Question

Let's say I define class A:

>>> class A:
...     a = 1
...     class SubA:
...         sub_a = { 'a': 1, 'b': 1}

Then I define class B that inherits from A:

>>> class B(A):
...     pass

Now, check __dict__ of A and __dict__ of B:

>>> A.__dict__
{'a': 1, '__module__': '__builtin__', '__doc__': None, 'SubA': <class __builtin_ _.SubA at 0x02CAA3E8>}
>>> B.__dict__
{'__module__': '__builtin__', '__doc__': None}

Somehow, B.__dict__ contains neither 'a' nor 'SubA'. Now if we do:

>>> A.a
1
>>> B.a
1

>>> A.SubA
<class __builtin__.SubA at 0x02CAA3E8>
>>> B.SubA
<class __builtin__.SubA at 0x02CAA3E8>

First question: why B.__dict__ does not contain 'a' and 'SubA'? Second question: Why B.a and B.SubA give the expected results, although neither 'a' nor 'SubA' is in B's __dict__?

Thanks!

Was it helpful?

Solution

@bgporter has given a good explanation of the behaviour, I'll just go into why a little:

If your class variable was in B.__dict__, how would it function? Each subclass would have its own value for a, independent of the value for A.a - this is not what you would expect. A class variable should exist once - in that class.

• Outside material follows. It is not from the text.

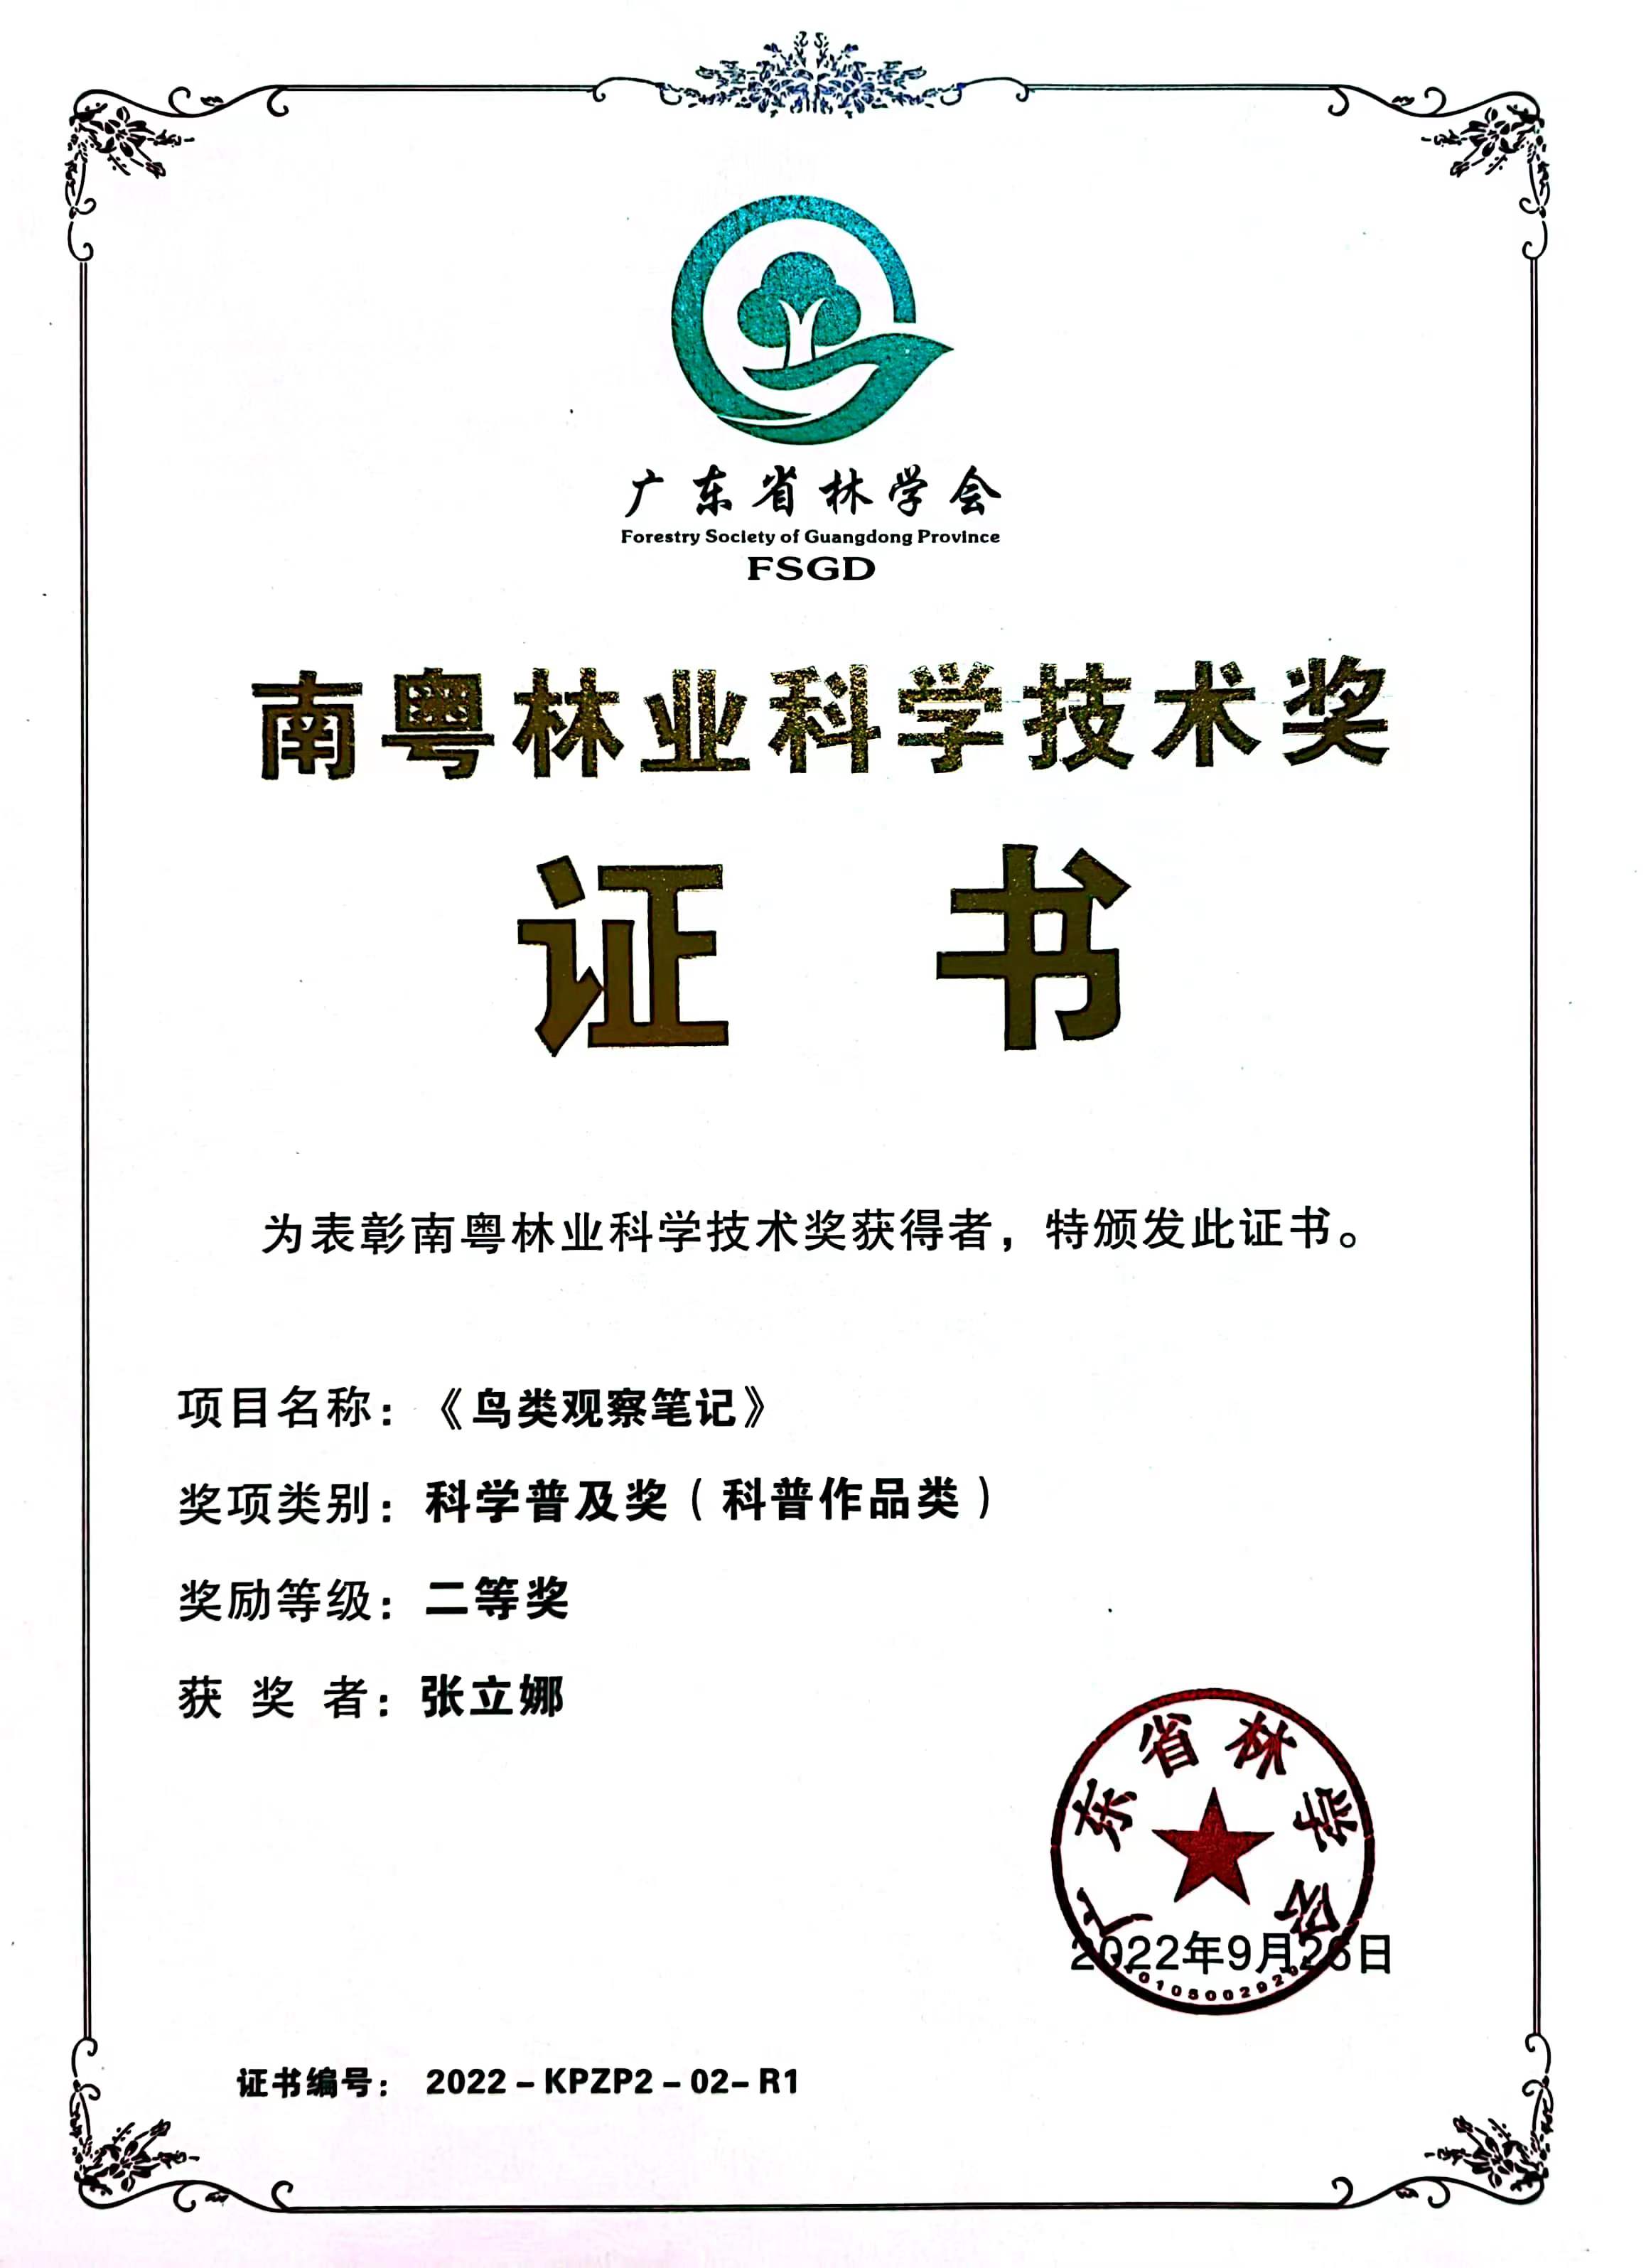 《鸟类观察笔记》获南粤林业科学技术奖.jpg
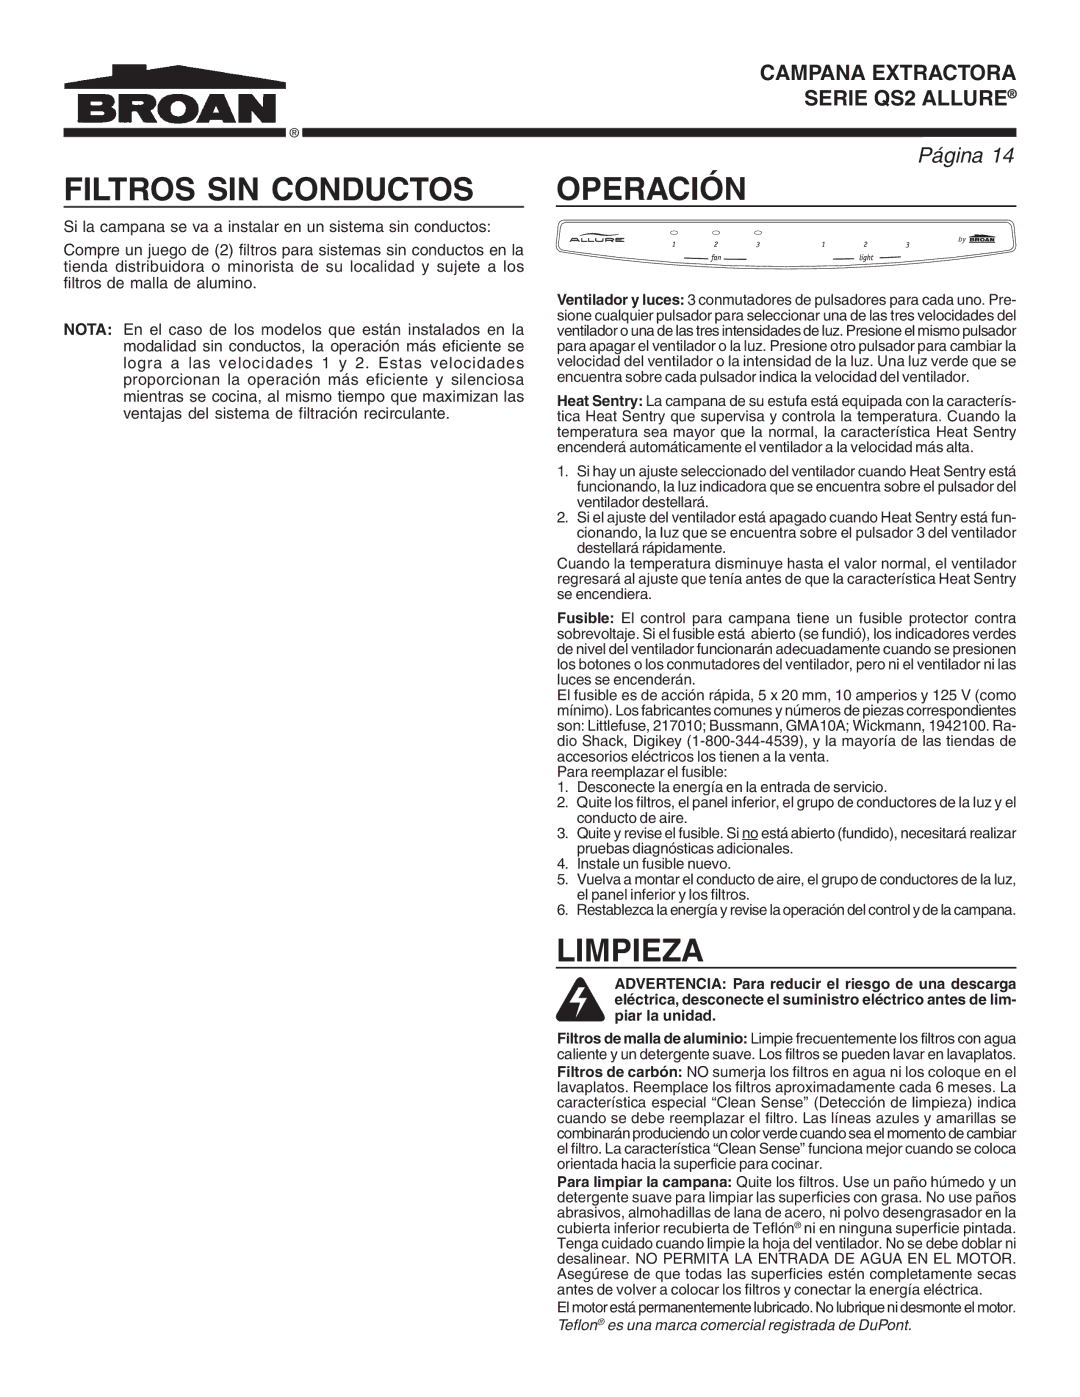 Broan QS2 warranty Filtros SIN Conductos, Operación, Limpieza

Instead, Python does a lookup on the class and if it doesn't exist, then looks up to its base classes - note that means it is possible to shadow a class variable in a subclass.

OTHER TIPS

That's how Python's object model works:

A class has a namespace implemented by a dictionary object. Class attribute references are translated to lookups in this dictionary, e.g., C.x is translated to C.__dict__["x"] (although for new-style classes in particular there are a number of hooks which allow for other means of locating attributes). When the attribute name is not found there, the attribute search continues in the base classes.